Task goal
Write the data out again exactly, with every picture removed.

Exercise data

*** Block opens ***

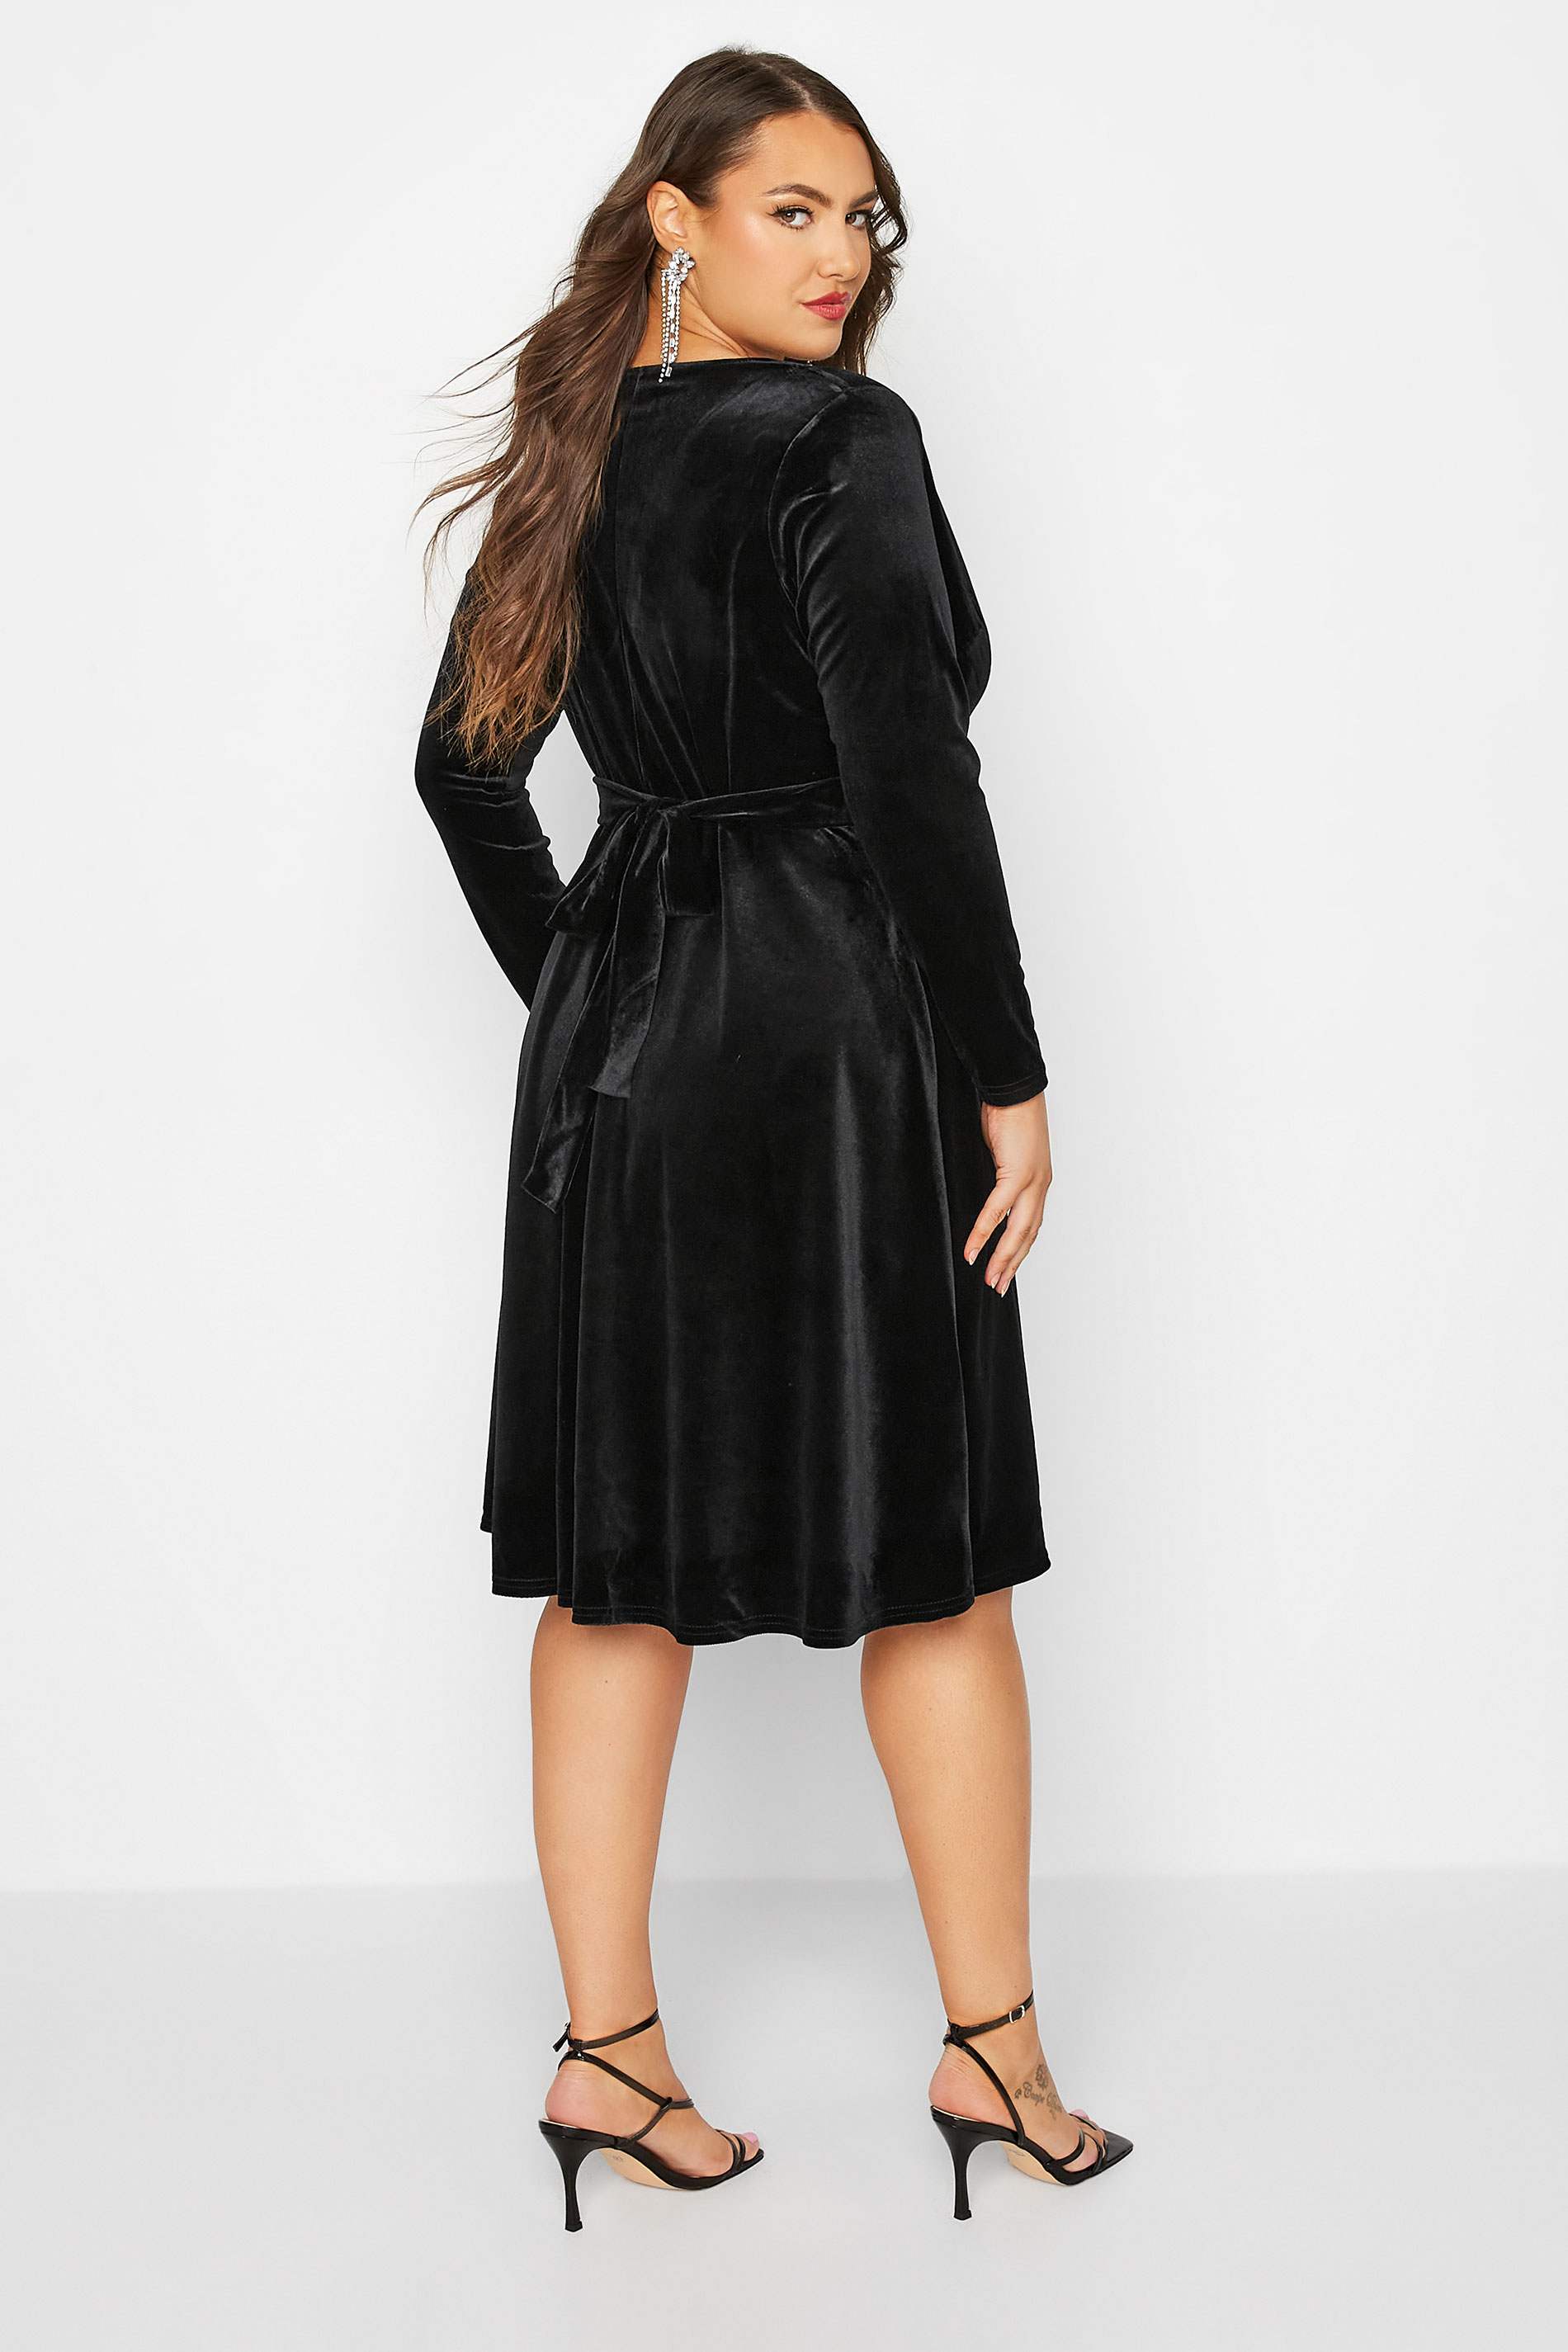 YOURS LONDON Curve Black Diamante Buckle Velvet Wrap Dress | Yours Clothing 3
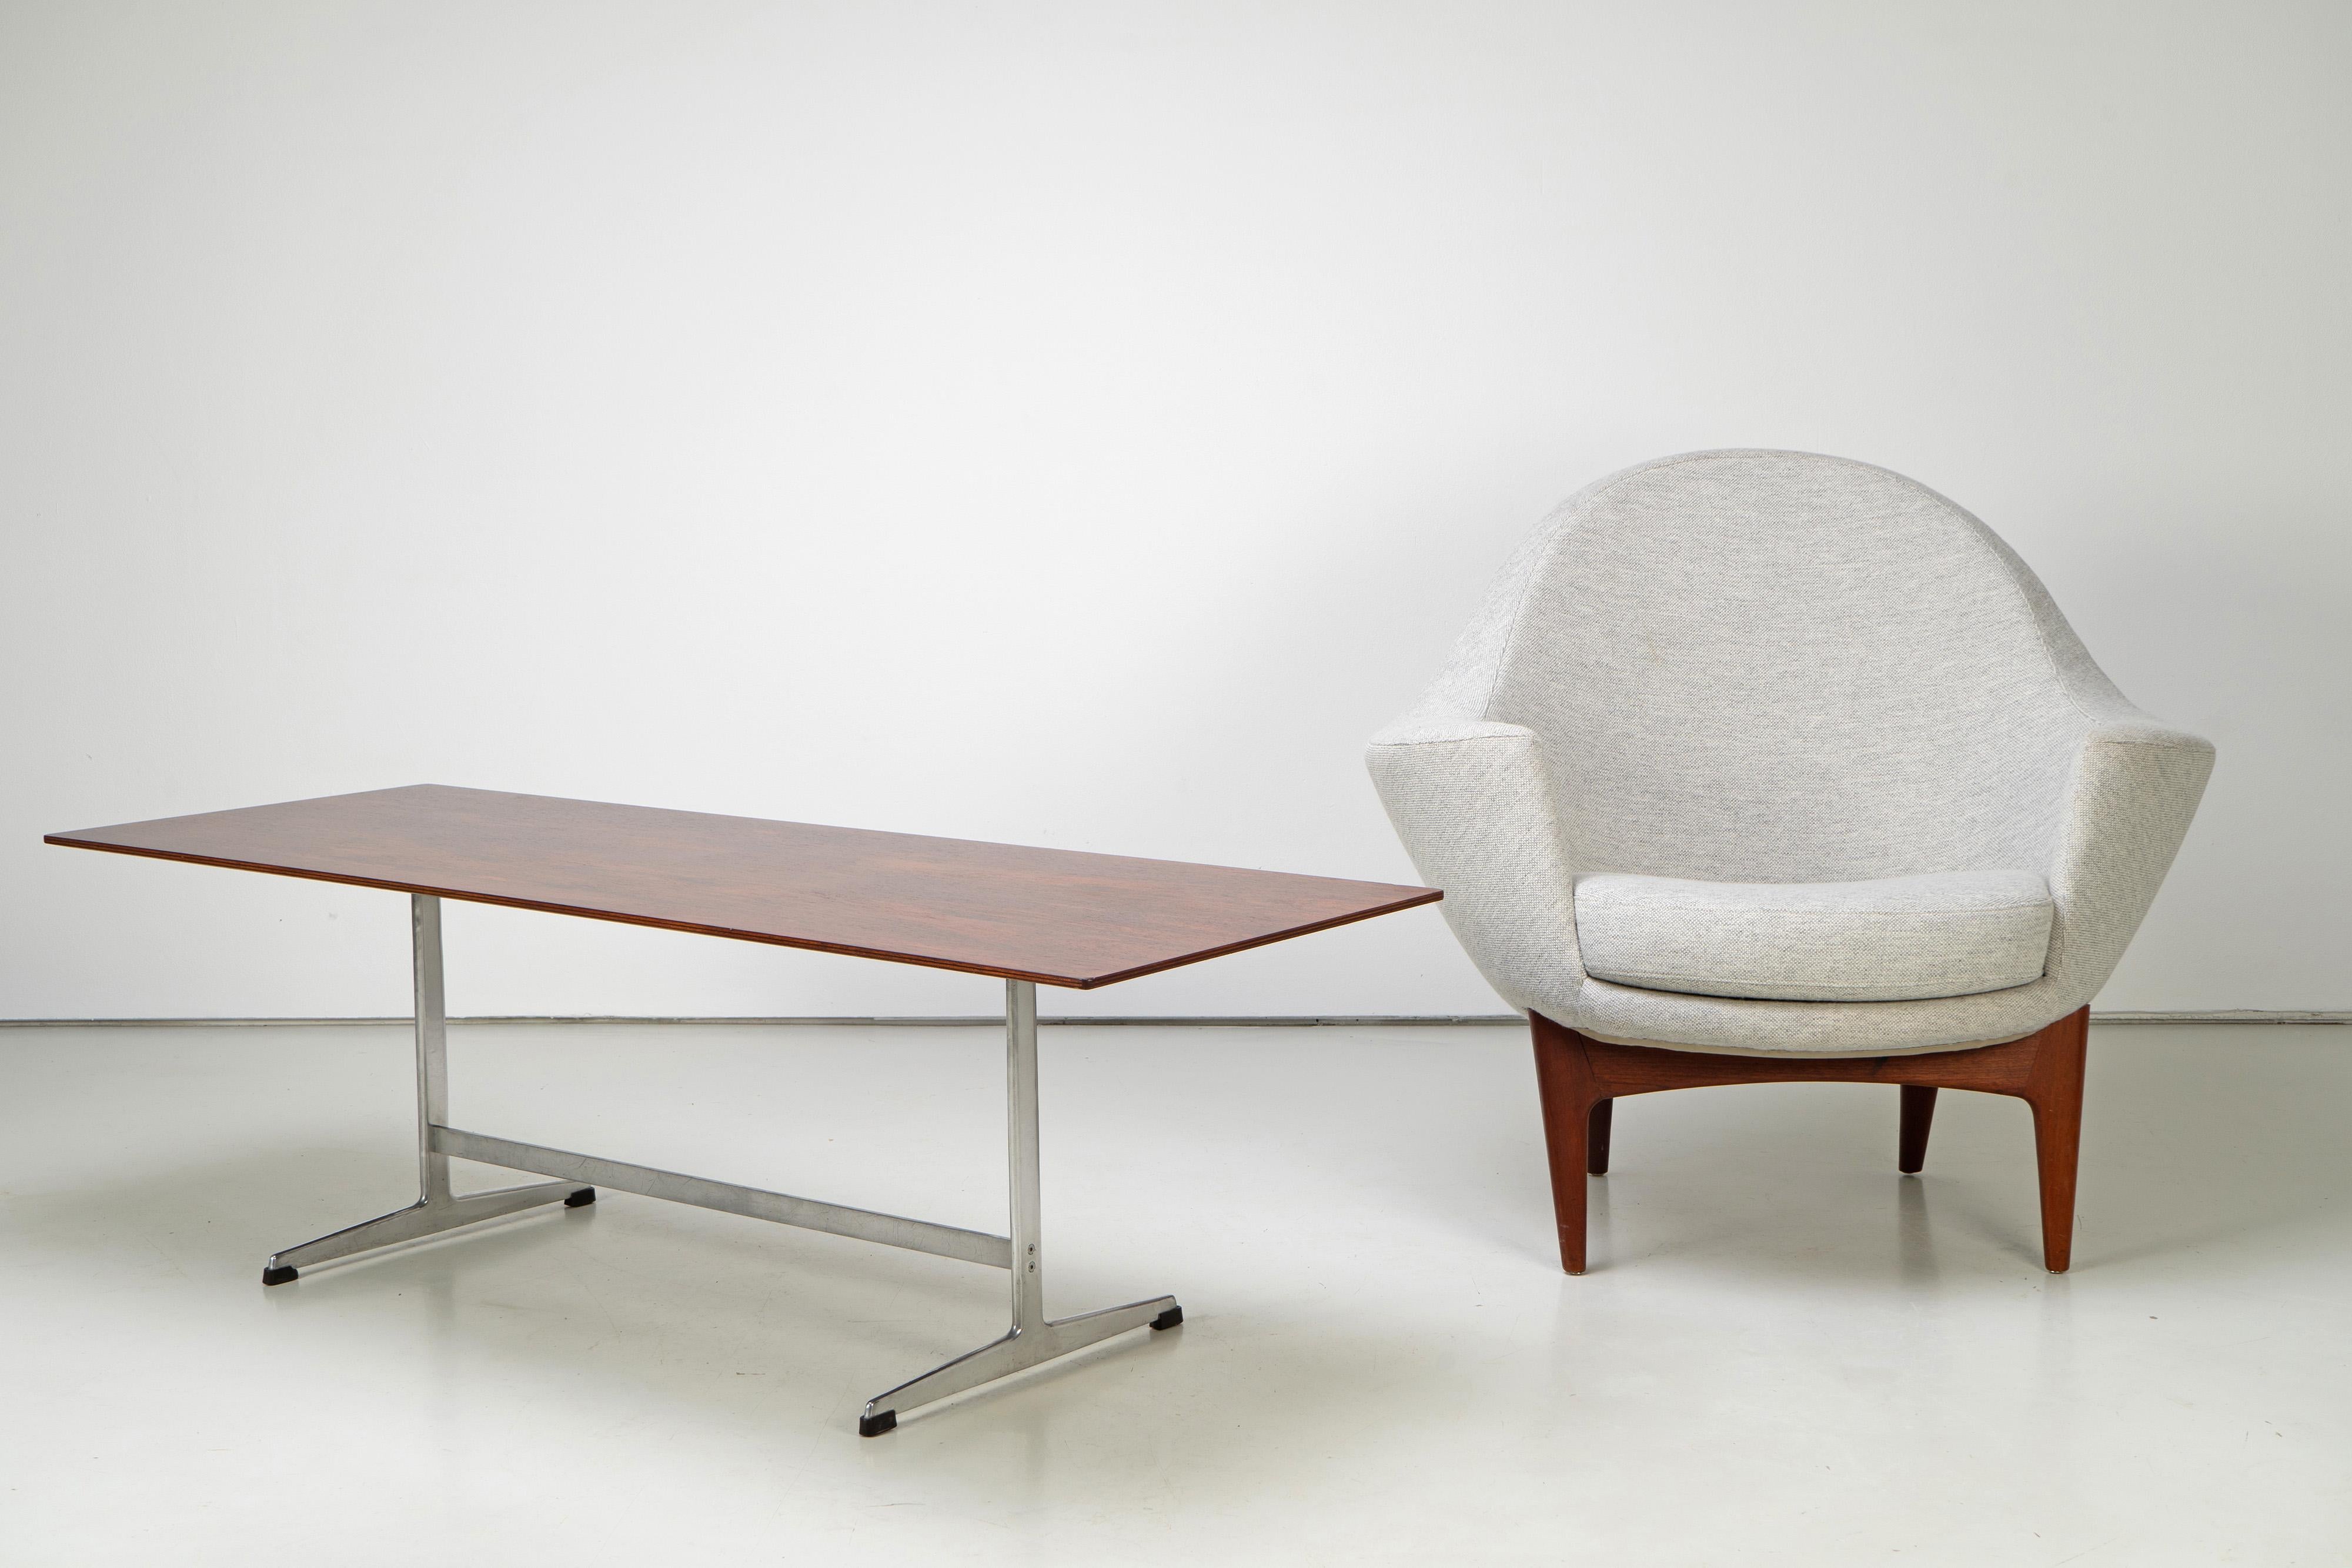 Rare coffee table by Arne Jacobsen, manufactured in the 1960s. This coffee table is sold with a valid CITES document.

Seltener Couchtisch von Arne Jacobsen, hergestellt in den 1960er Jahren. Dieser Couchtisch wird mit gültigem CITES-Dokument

*** Block closes ***

Solution to this task
 YOURS LONDON Curve Black Diamante Buckle Velvet Wrap Dress | Yours Clothing 3
 Rare coffee table by Arne Jacobsen, manufactured in the 1960s. This coffee table is sold with a valid CITES document.

Seltener Couchtisch von Arne Jacobsen, hergestellt in den 1960er Jahren. Dieser Couchtisch wird mit gültigem CITES-Dokument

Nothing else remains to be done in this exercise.